Let’s pick some users and predict their ratings

svd_pred(1)
## Warning: Column `name`/`book_id` joining factors with different levels,
## coercing to character vector
## [1] "Ratings for -- The Hunger Games (The Hunger Games, #1)"
##  [1] 3.110284 3.100933 3.097932 3.096504 3.095380 3.095059 3.095027
##  [8] 3.093767 3.093691 3.093329
svd_pred(5)
## Warning: Column `name`/`book_id` joining factors with different levels,
## coercing to character vector
## [1] "Ratings for -- The Great Gatsby"
##  [1] 3.624007 3.603465 3.597189 3.561628 3.540180 3.536442 3.536245
##  [8] 3.517575 3.516860 3.501264
svd_pred(200)
## Warning: Column `name`/`book_id` joining factors with different levels,
## coercing to character vector
## [1] "Ratings for -- And Then There Were None"
##  [1] 4.037318 4.022901 4.019216 4.015127 4.013435 4.004952 3.939503
##  [8] 3.936291 3.932991 3.927677
svd_pred(18)
## Warning: Column `name`/`book_id` joining factors with different levels,
## coercing to character vector
## [1] "Ratings for -- Harry Potter and the Prisoner of Azkaban (Harry Potter, #3)"
##  [1] 3.822550 3.815094 3.808116 3.787699 3.783683 3.781402 3.780454
##  [8] 3.777911 3.773492 3.770998
svd_pred(400)
## Warning: Column `name`/`book_id` joining factors with different levels,
## coercing to character vector
## [1] "Ratings for -- Neuromancer"
##  [1] 3.685309 3.679514 3.676269 3.656057 3.588399 3.582025 3.580939
##  [8] 3.557832 3.551406 3.549157

To measure Accuracy

SVD

eval_svd_pred <- calcPredictionAccuracy(x = books_svd_pred_, data = eval_unknown, byUser = TRUE) 
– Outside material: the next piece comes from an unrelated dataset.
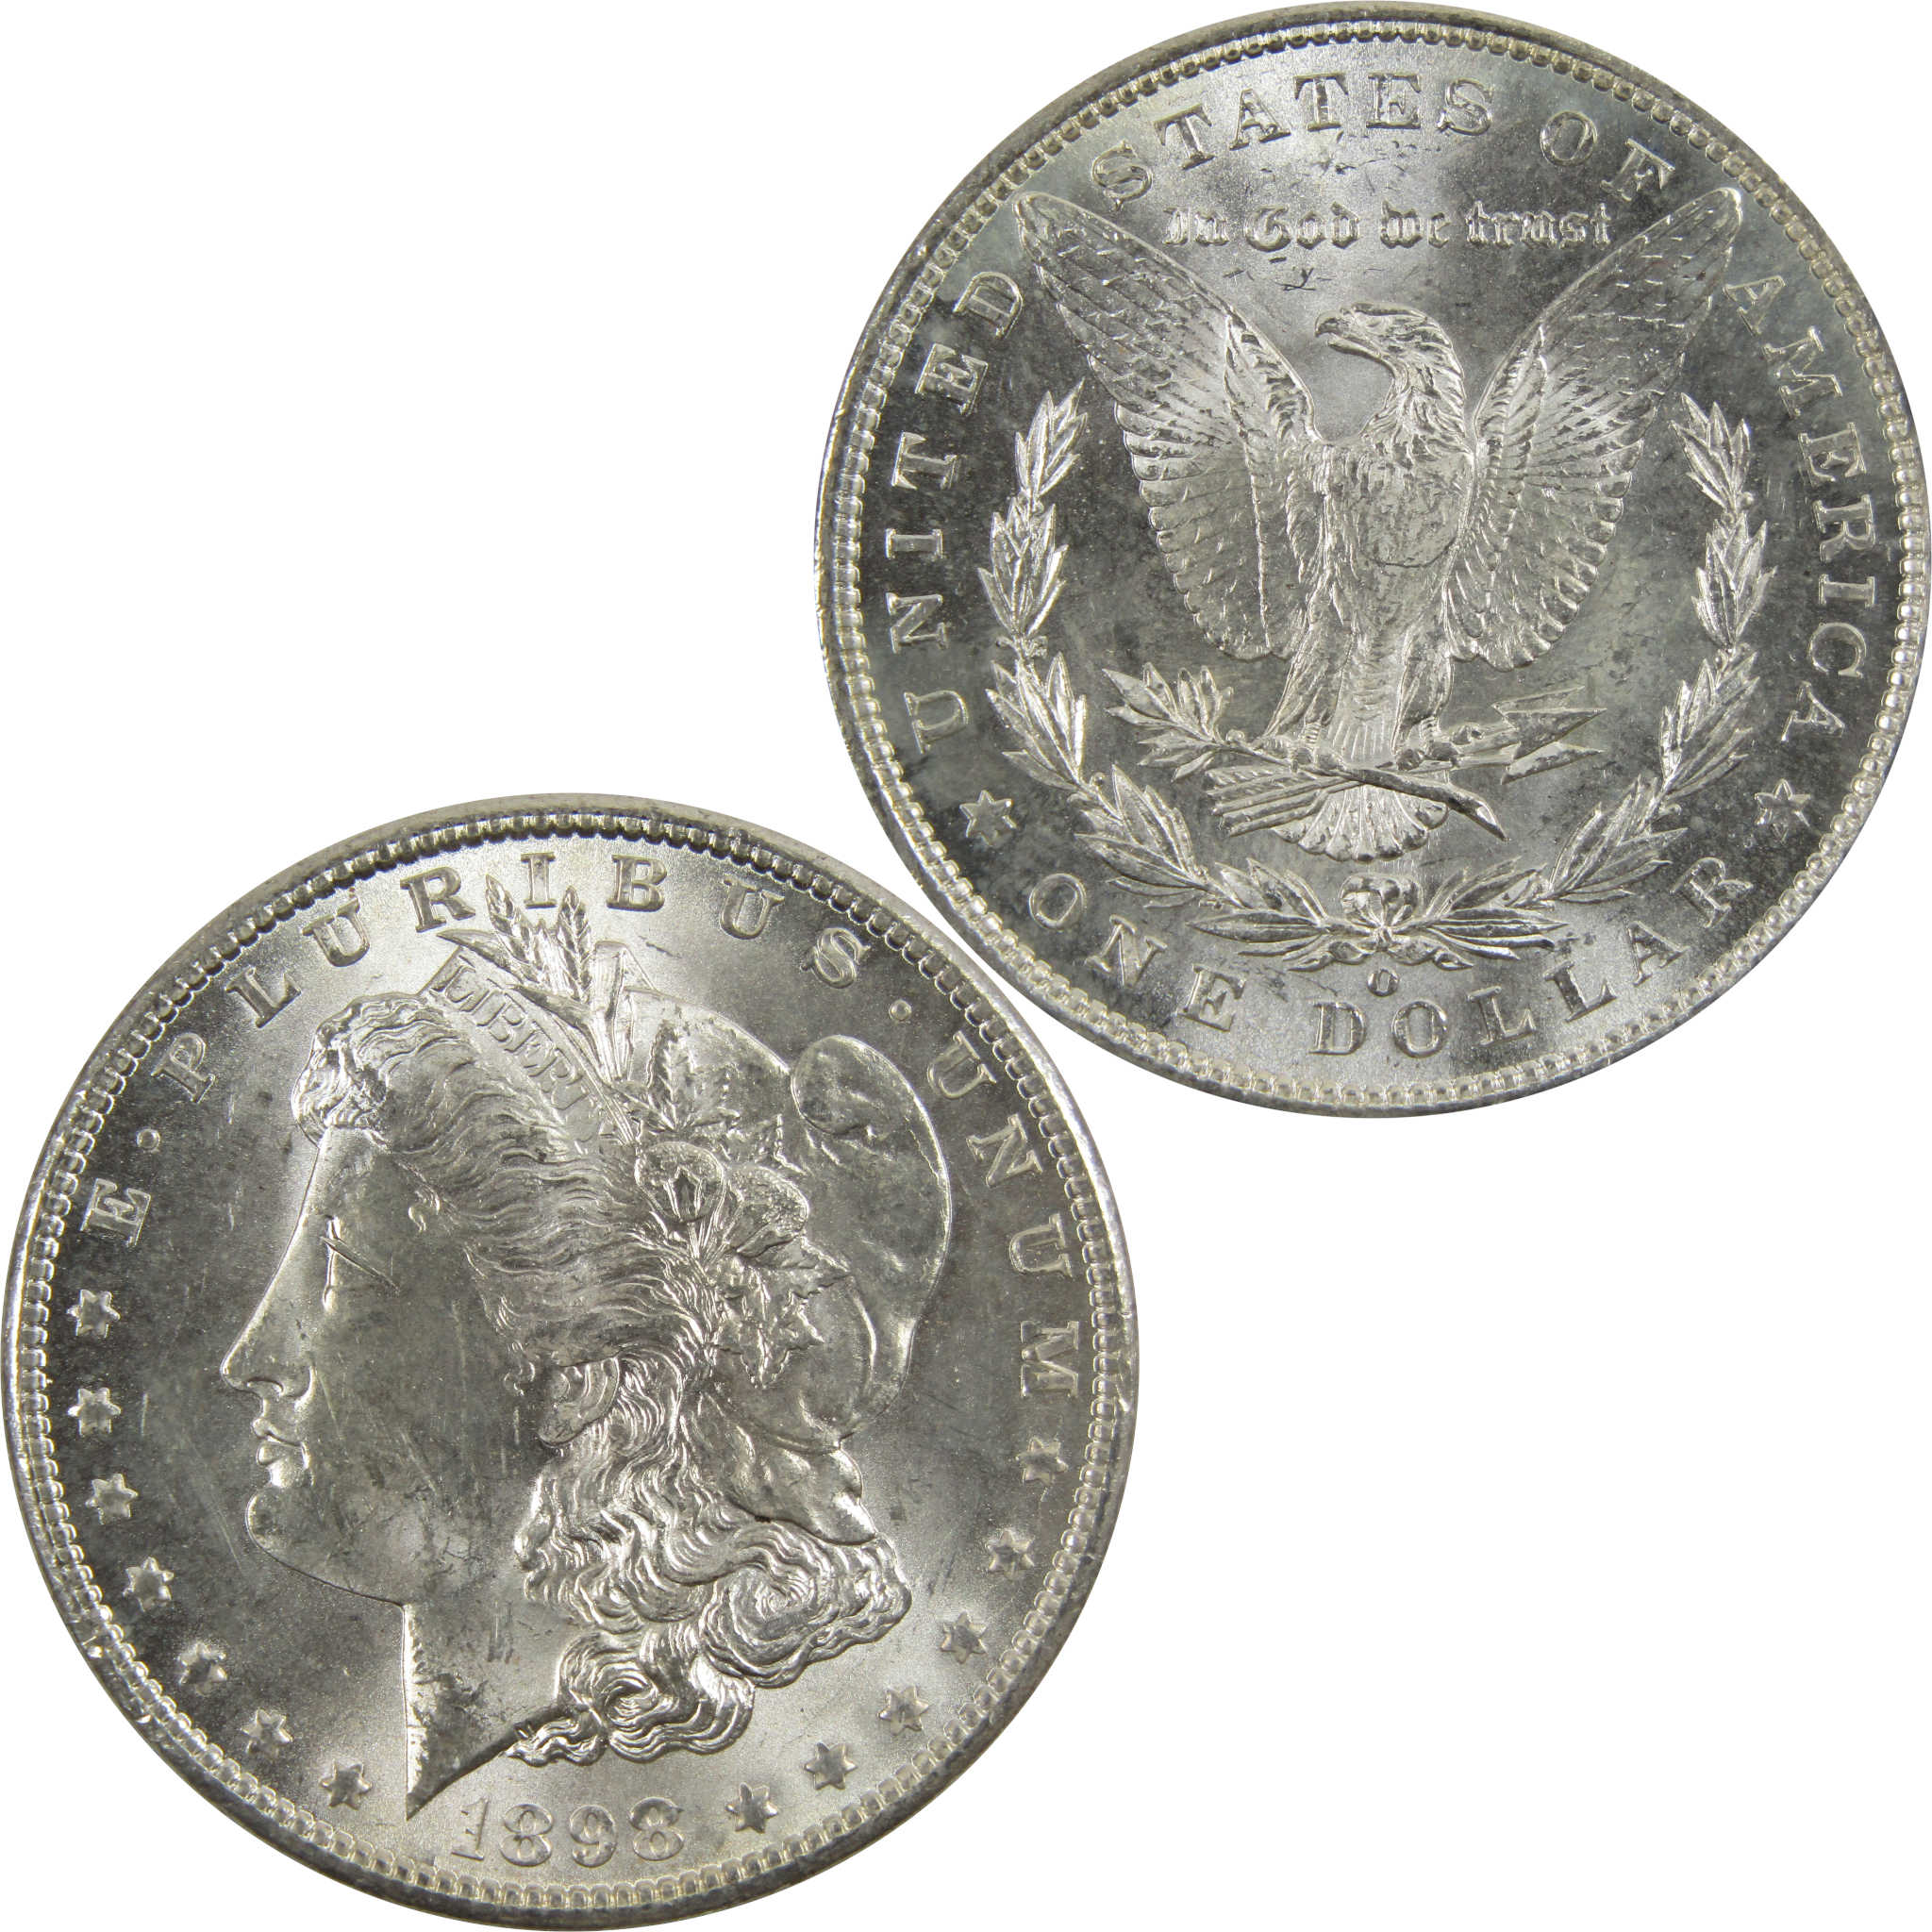 1898 O Morgan Dollar BU Uncirculated 90% Silver $1 Coin SKU:I5263 - Morgan coin - Morgan silver dollar - Morgan silver dollar for sale - Profile Coins &amp; Collectibles

kable(head(eval_svd_pred)) %>% kable_styling(bootstrap_options = "striped", font_size = 12, full_width = F)
RMSE MSE MAE
35 0.7990776 0.6385251 0.6067715
143 1.0108130 1.0217429 0.8559298
202 0.8055430 0.6488995 0.6614300
307 0.9705449 0.9419574 0.8277673
338 1.2079899 1.4592396 1.0824372
368 0.8609464 0.7412288 0.6116328

Item Based

eval_ibcf_pred <- calcPredictionAccuracy(x = booksibcf_pred, data = eval_unknown, byUser = TRUE)
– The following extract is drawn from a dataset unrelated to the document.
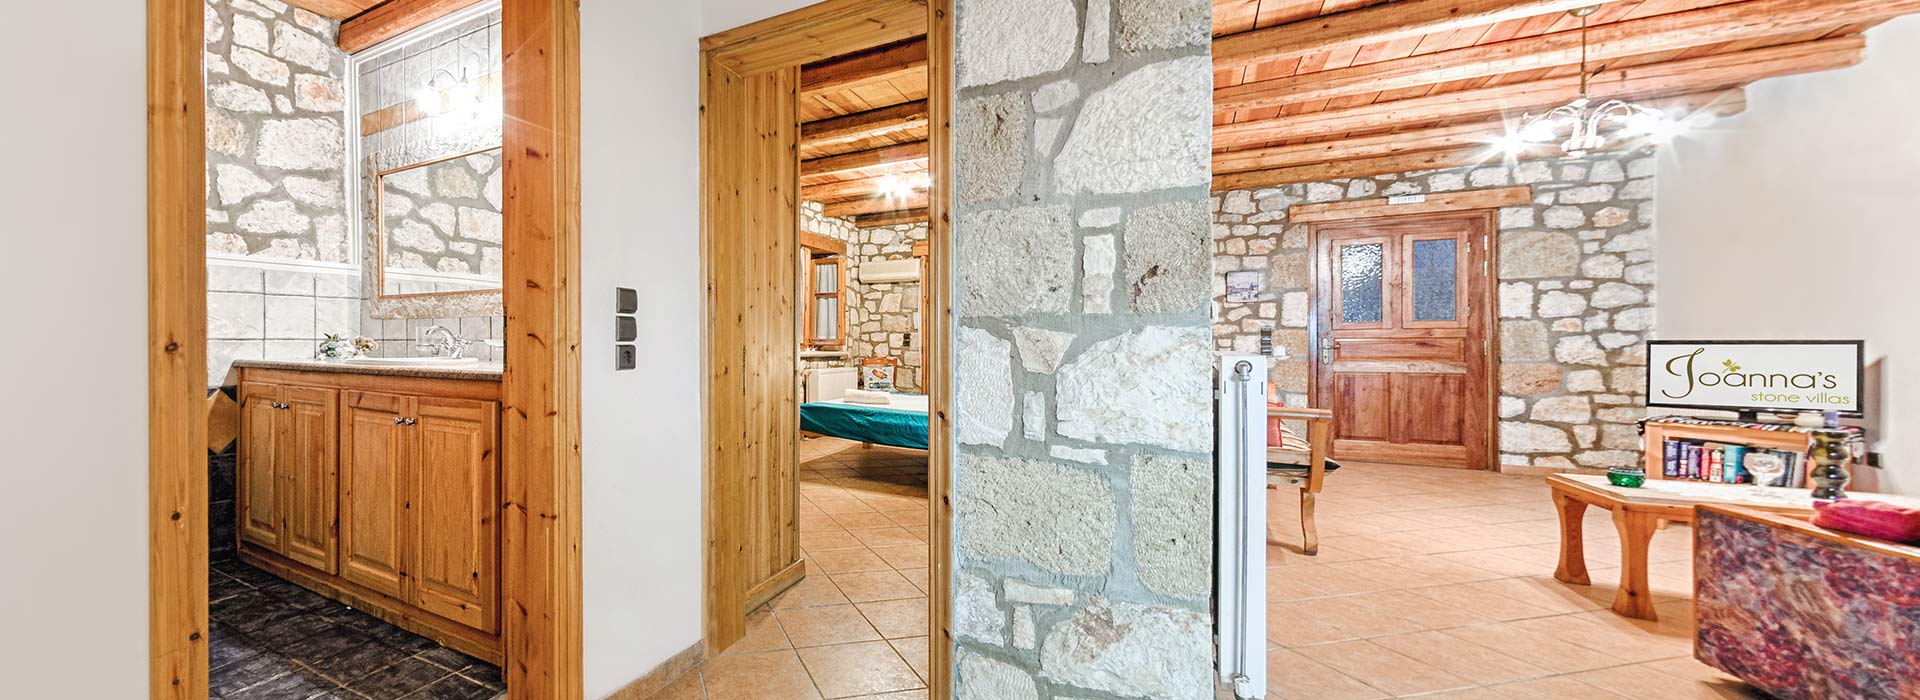 one-bedroom apartment - joanna's traditional stone villas - vasilikos zante zakynthos greece

kable(head(eval_ibcf_pred)) %>% kable_styling(bootstrap_options = "striped", font_size = 12, full_width = F)
RMSE MSE MAE
35 1.0000000 1.000000 1.0000000
143 1.5118579 2.285714 1.4285714
202 0.8660254 0.750000 0.8333333
307 0.5000000 0.250000 0.2500000
338 0.7071068 0.500000 0.5000000
368 0.8660254 0.750000 0.7500000

Summary

Collaborative Filtering takes a longer time to learn the data than does SVD. According to the evaluation of the predictions, the SVD model is more accurate with smaller error rate.